Keep the extra CA in cluster-managed storage and mount it into the pod alongside the system bundle. Most HTTP clients can be told to read an additional file:

```yaml
apiVersion: v1
kind: ConfigMap
metadata:
name: app-extra-ca
namespace: my-app
data:
extra-ca.pem: |
-----BEGIN CERTIFICATE-----
<additional CA in PEM>
-----END CERTIFICATE-----
---
apiVersion: apps/v1
kind: Deployment
metadata:
name: my-app
namespace: my-app
spec:
template:
spec:
containers:
- name: app
image: registry.example.com/app:latest
env:
- name: SSL_CERT_FILE # OpenSSL, Python
value: /etc/pki/ca-trust/extracted/pem/extra-ca.pem
- name: REQUESTS_CA_BUNDLE # Python requests
value: /etc/pki/ca-trust/extracted/pem/extra-ca.pem
- name: NODE_EXTRA_CA_CERTS # Node.js
value: /etc/pki/ca-trust/extracted/pem/extra-ca.pem
volumeMounts:
- name: extra-ca
mountPath: /etc/pki/ca-trust/extracted/pem/extra-ca.pem
subPath: extra-ca.pem
readOnly: true
volumes:
- name: extra-ca
configMap:
name: app-extra-ca
```

Tune the env vars to whatever the runtime expects. Some runtimes (Java, .NET) need their own mechanisms — Java uses `-Djavax.net.ssl.trustStore=...`, .NET uses `SslClientAuthenticationOptions.RemoteCertificateValidationCallback` or the system-wide store that has to be updated with `update-ca-trust extract` at image build time.
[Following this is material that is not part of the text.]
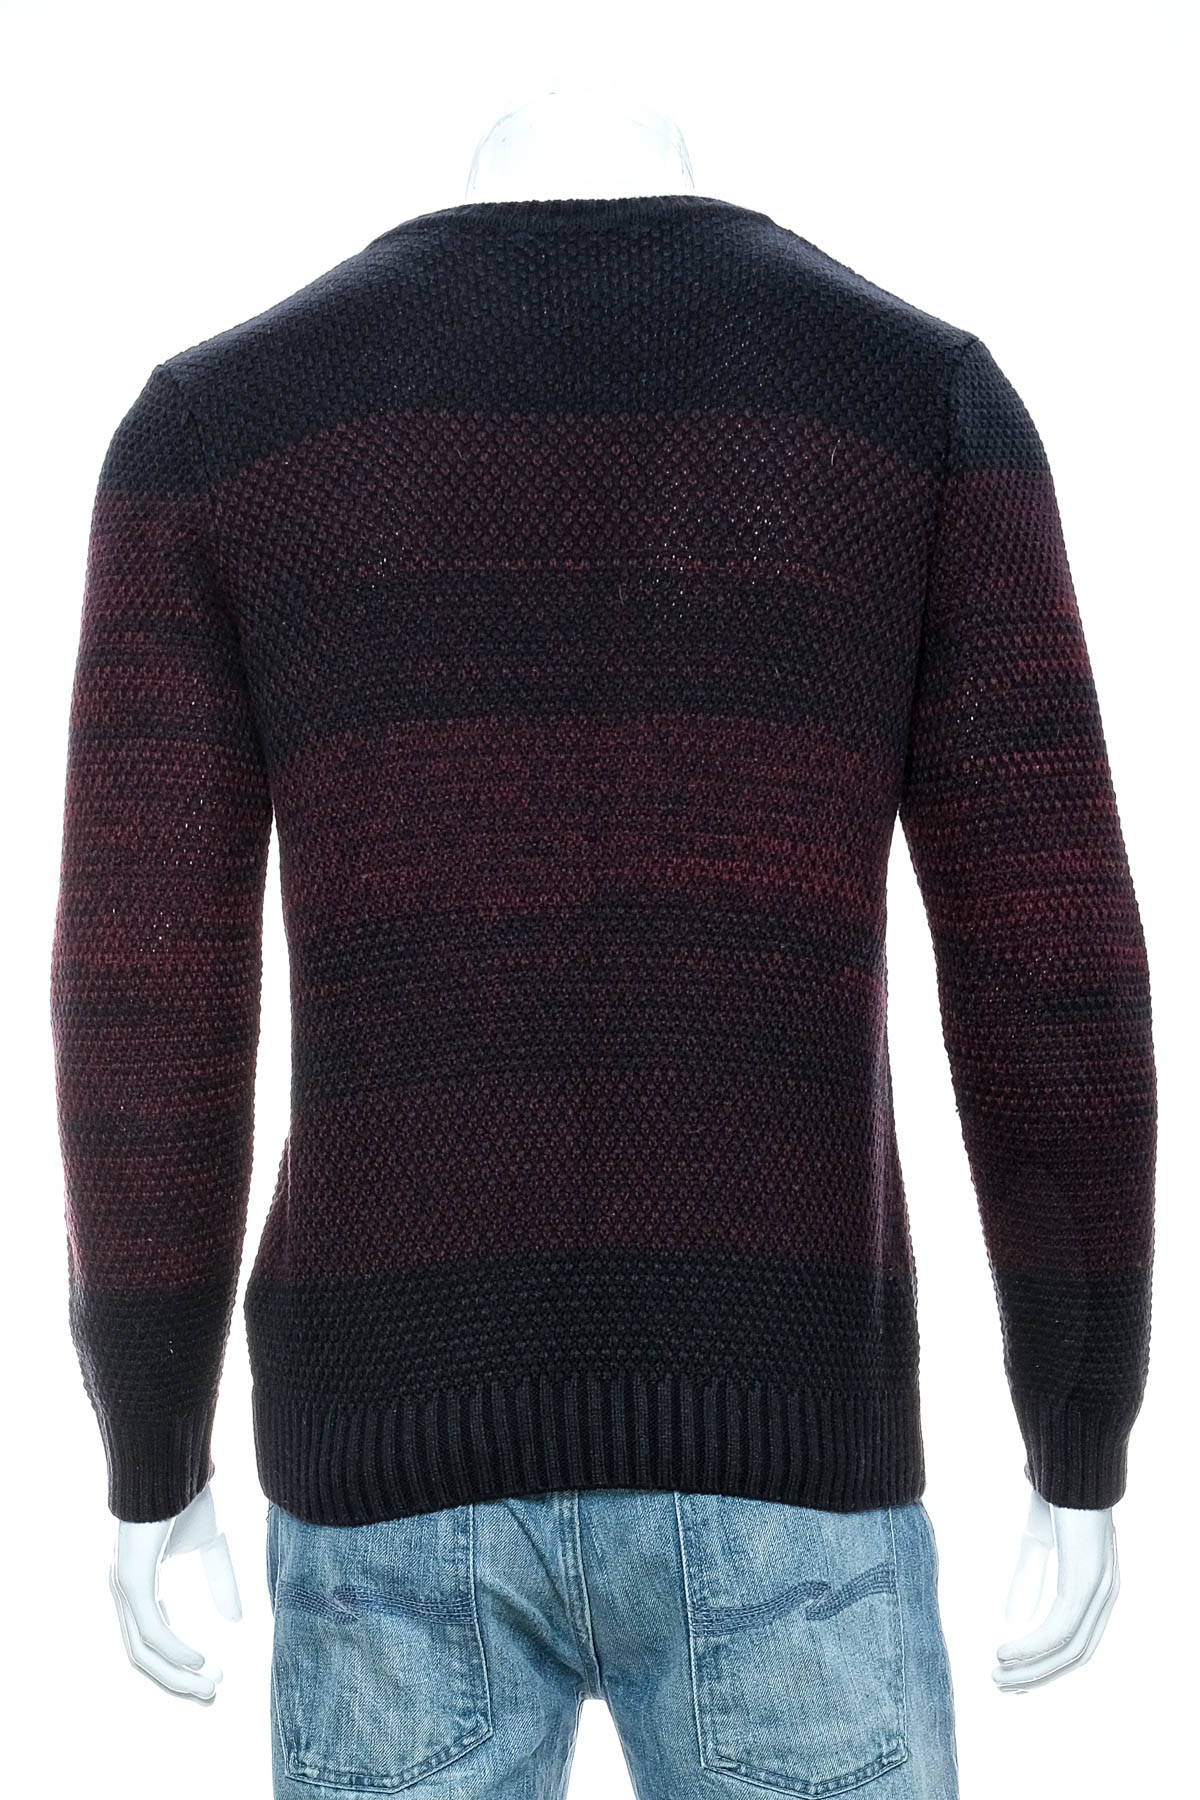 Men's sweater - LCW Casual - 1

### Option B — rebuild the base image with the CA included

At image-build time, place the CA in the system trust directory and re-run the update command:

```dockerfile
# UBI-family Dockerfile fragment.
COPY extra-ca.pem /etc/pki/ca-trust/source/anchors/extra-ca.pem
RUN update-ca-trust extract
```

After `update-ca-trust extract`, the added CA is in `/etc/pki/tls/certs/ca-bundle.crt` automatically. All runtimes that read the system path pick it up with no pod-side configuration.
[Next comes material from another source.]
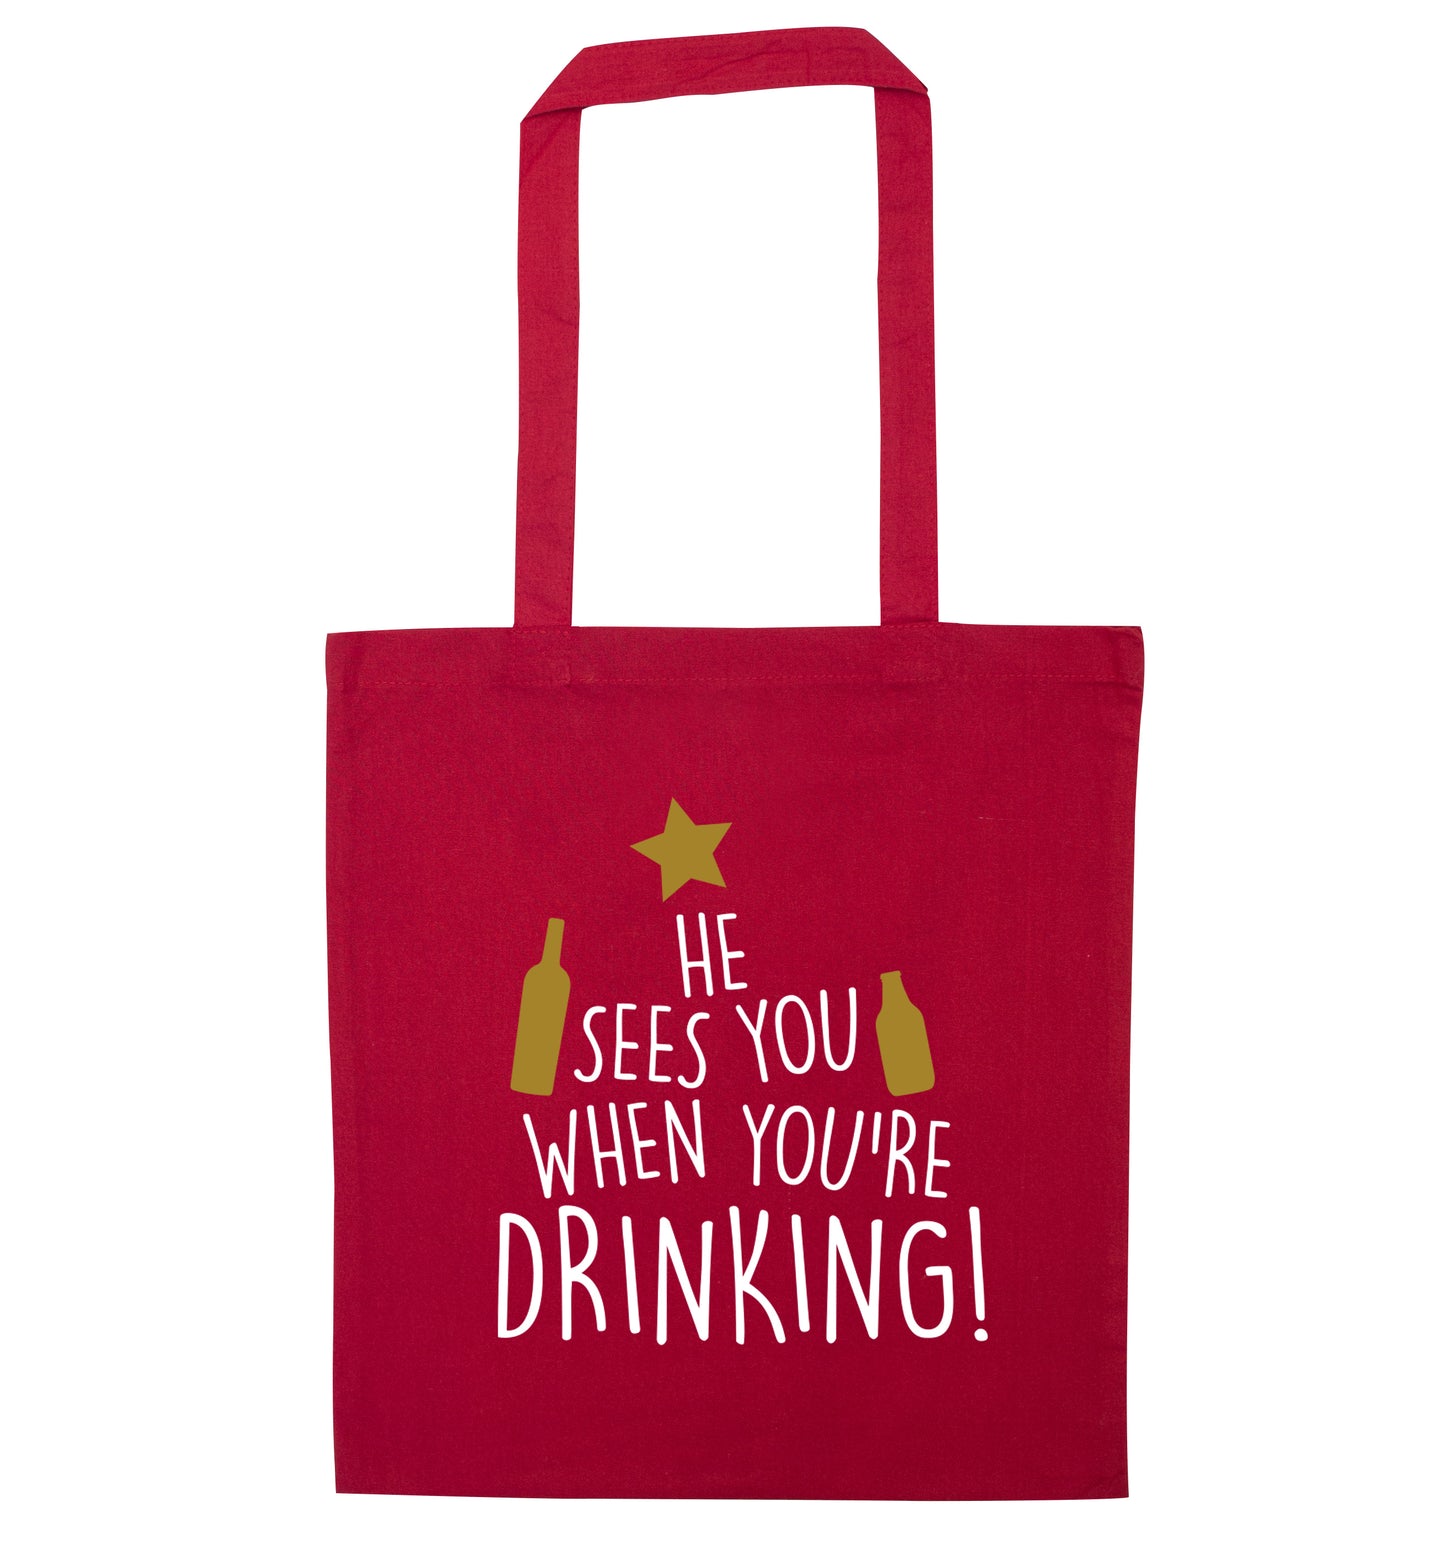 He sees you when you're drinking red tote bag

Prefer Option B for workloads where the trusted-CA set is part of the identity of the workload (belongs in the image). Use Option A when the set changes independently of the workload (rotations, per-environment overrides) and mounting from a ConfigMap is cleaner than re-publishing images.

## Diagnostic Steps

Verify the trust path the runtime actually uses. From inside the pod, the runtime's own diagnostic is the authoritative answer:

```bash
# curl — prints the configured CA file.
kubectl exec -n <ns> <pod> -- curl --version | head
kubectl exec -n <ns> <pod> -- curl-config --ca

# Python — exposes the OpenSSL defaults.
kubectl exec -n <ns> <pod> -- python3 -c "import ssl; print(ssl.get_default_verify_paths())"

# Java — prints the trust store path.
kubectl exec -n <ns> <pod> -- java -XshowSettings:properties 2>&1 | grep trustStore
```

Compare the runtime's reported path against what the `grep` query inspected — they should match. If the runtime reports a different path (e.g. a custom JVM truststore under the app's installation directory), update the trust there.
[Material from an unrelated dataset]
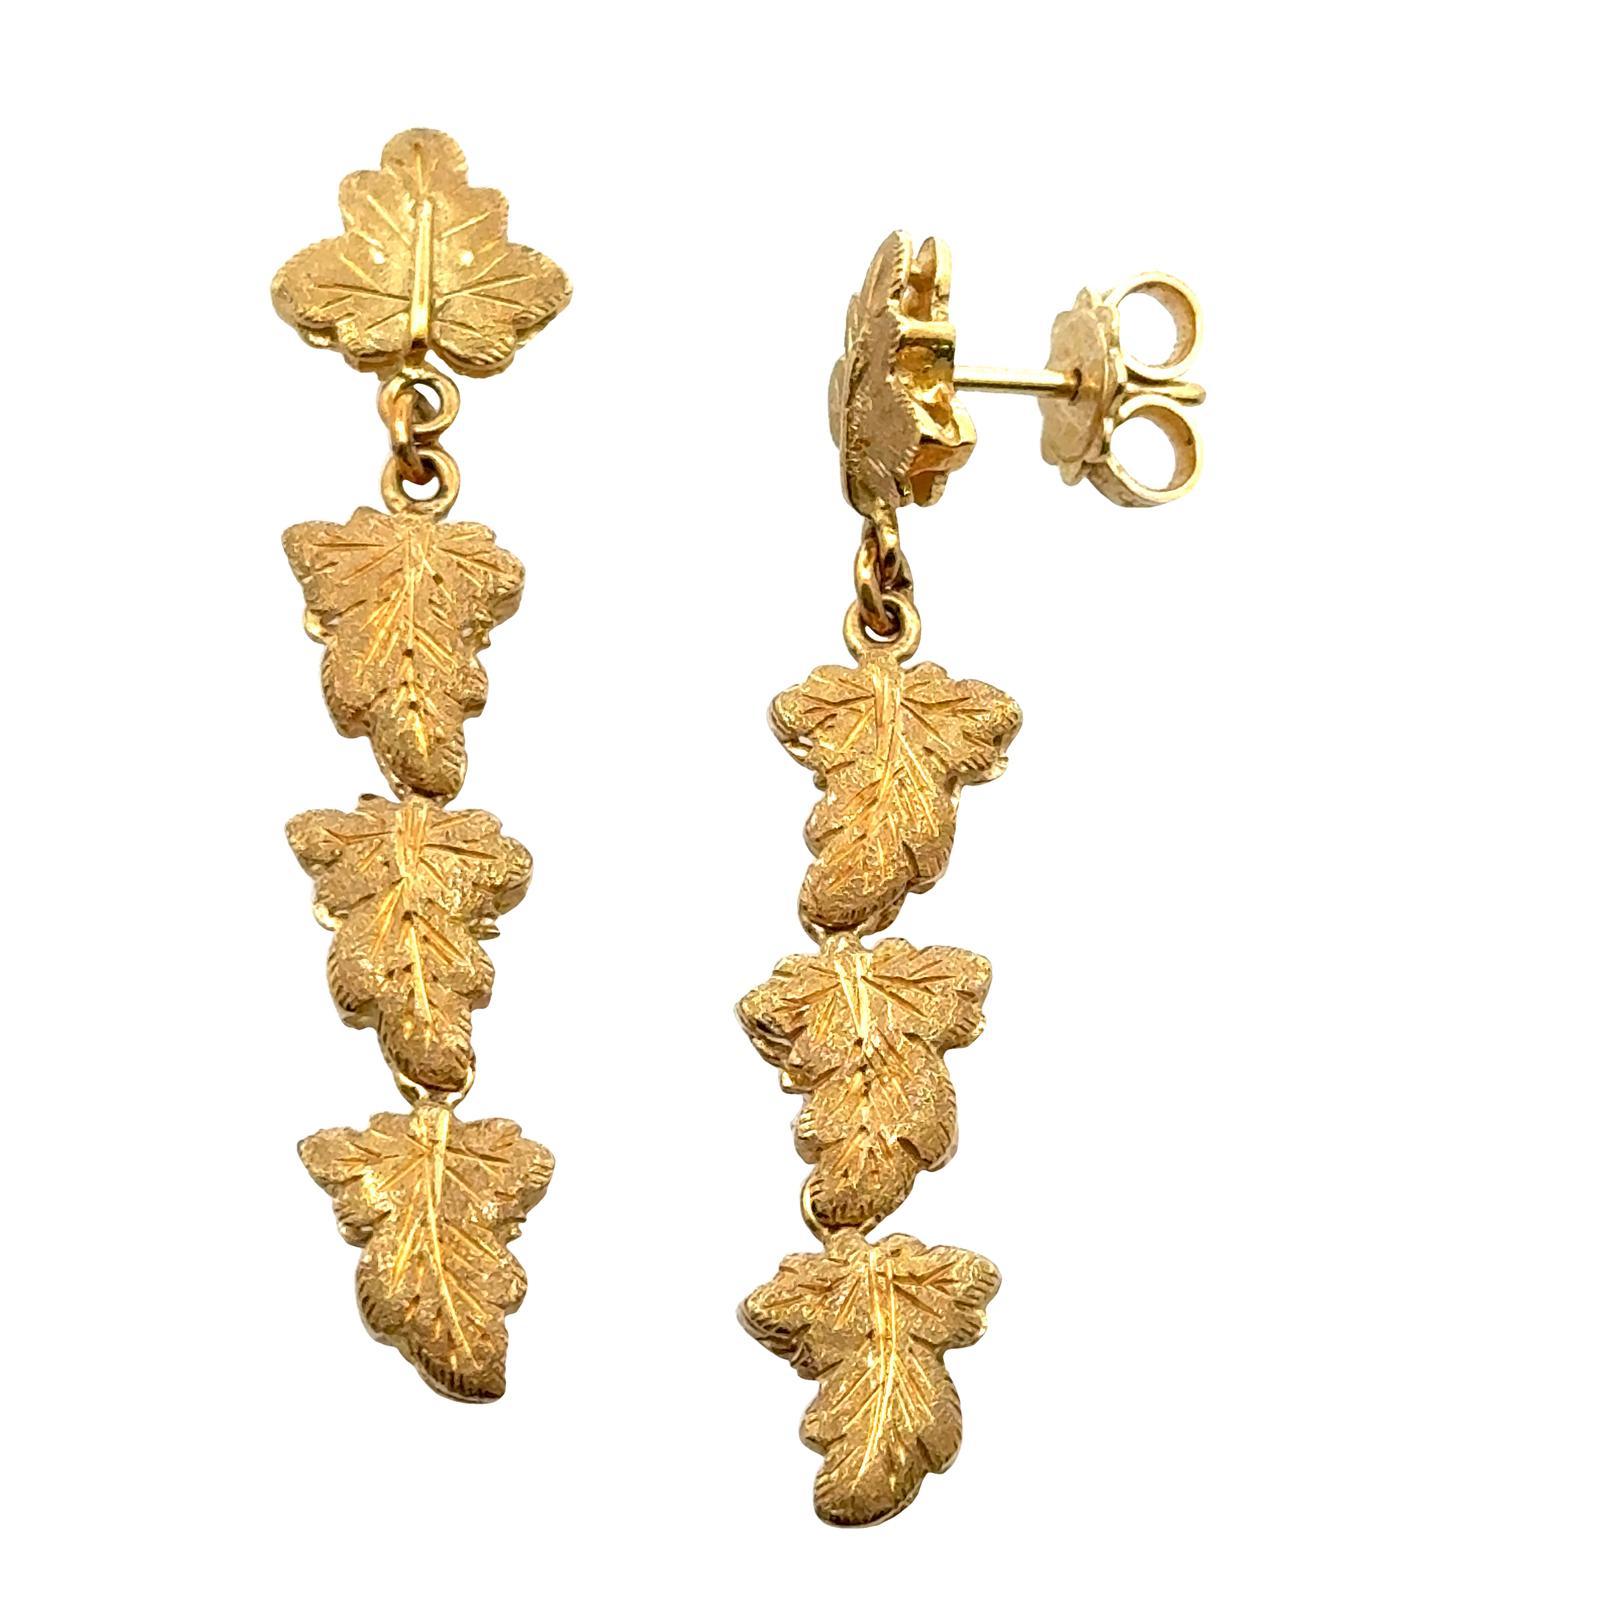 Italian 18 Karat Yellow Gold Leaf Dangle Earrings Signed Fabbrini  In Excellent Condition For Sale In Boca Raton, FL

For HTTPS connectivity testing from inside the pod, curl's verbose output shows which CA bundle was used:

```bash
kubectl exec -n <ns> <pod> -- curl -v https://metrics-sink.example.com 2>&1 | \
grep -E 'CAfile|CApath|SSL certificate|verify|error'
```

`CAfile: /etc/pki/tls/certs/ca-bundle.crt` plus `SSL certificate verify ok` confirms the runtime read the expected bundle and accepted the remote certificate. A `verify` failure indicates either the remote's chain is missing a root in the bundle (add it) or the remote sent a partial chain (the remote needs to send its intermediates).

After applying any fix (mount or rebuild), re-run the `curl` probe from the pod; `verify ok` is the end-state.